California Gov. Schwarzenegger and Attorney General Jerry Brown are california_prisons_1_4001
firing blanks at the messenger heralding the disaster that California prisons have become. Both the governor and attorney general asked U.S. District Judge Thelton Henderson to remove J. Clark Kelso, who was appointed receiver of prison healthcare three years ago by Henderson, and return inmate medical care to state control. Schwarzenegger and Brown complain that Kelso is going to spend $8 billion to build a gold-plated health system. However, their ploy to remove Kelso probably won’t work.

Let’s set aside whether Kelso’s $8 billion plan is a good one or not and instead look at how we got into this mess and whether we’re anywhere near getting out of it. The last question is easy to answer. Judge Henderson appointed Kelso because prison healthcare in California was terrible. There’s no evidence to show that it’s improved, nor that it will any time soon, considering the state’s multibillion-dollar deficit. Why would Henderson suddenly remove the receiver when nothing has changed?

How did we get into this mess? That’s easy, too. The politicians and people of California created it by foolishly thinking that they could punish crime away — without giving any consideration to the ultimate cost and impossibility of such a plan.

With rehabilitation almost nonexistent – the public and politicians never wanted to pay for that – recidivism remains at more than 66 percent. Two out of every three people released from California prisons go back – the highest rate in the nation.  Politicians and the public thought they could scrimp on health care, drug treatment, rehabilitation, education – anything that might benefit the lives of inmates once they were released because, well, they’re inmates and they deserve only the worst. Only 7 percent of inmates receive alcohol treatment, although 42 percent have a high need for it. And only 2.5 percent of inmates who have a serious need for drug treatment actually get it. And even for those who get treatment in prison, aftercare programs when they’re on parole are wholly inadequate.

The fact is that inmates are wards of the state and the people of the state are responsible for their welfare – all 172,000 of them. The people of California have volunteered to take care of as many inmates as possible, and now they’re complaining about the cost. Maybe Californians should have thought of that before they embarked on their prison-building binge while incarcerating as many people as possible. Since 1977, about 1,000 laws have been passed increasing penalties for all sorts of crimes. California politicians run for office by touting how they got tough on crime by increasing prison sentences. And the public eats it up.
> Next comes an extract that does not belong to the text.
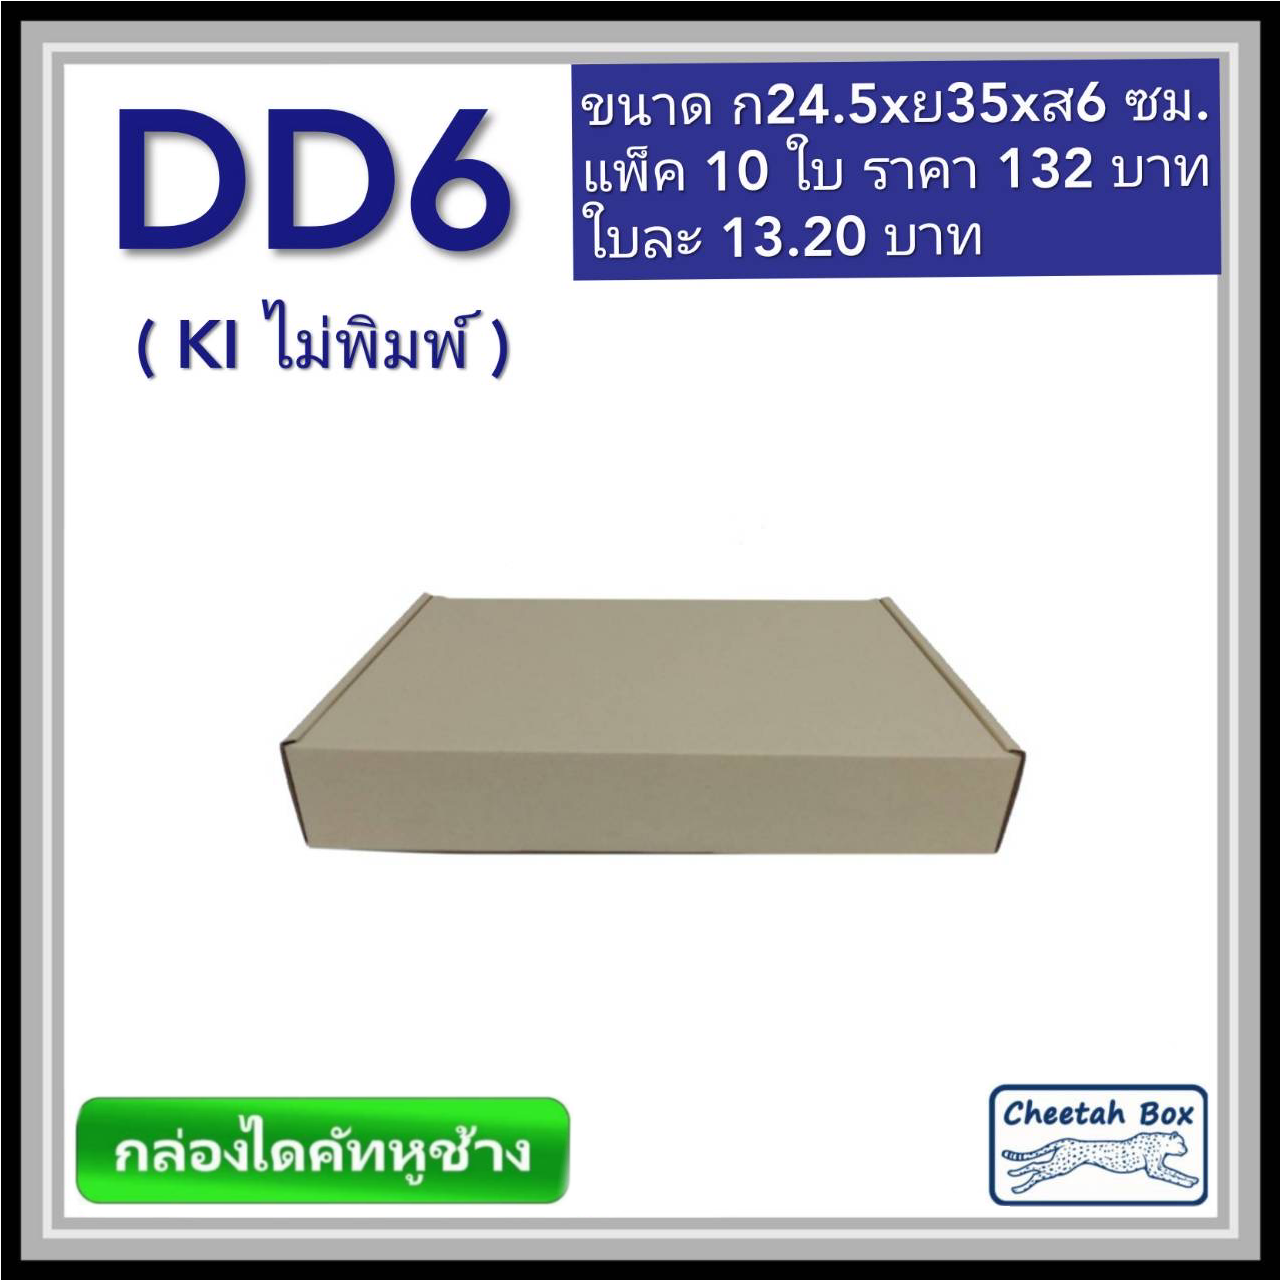 กล่องไดคัทหูช้างขนาด D สูง 6 cm. รหัส DD6 ไม่พิมพ์  (Die-cut Box) ขนาด 24.5W x 35L x 6H cm.

Crime rates are lower in California than they were when we started our prison building and people punishing obsession. But they are lower
everywhere, including in states that didn’t try to throw everybody behind bars. Nobody’s exactly sure why crime goes up and down.

But one thing is sure: Californians chose an impossibly expensive way to fight crime. And now, we don’t want to pay for the program we chose and we don’t have the political will to create real change. The result will be continued billions of dollars in costs for prisons (more than we pay for higher education), continued high recidivism rates and large-scale inmate releases as the system we chose collapses.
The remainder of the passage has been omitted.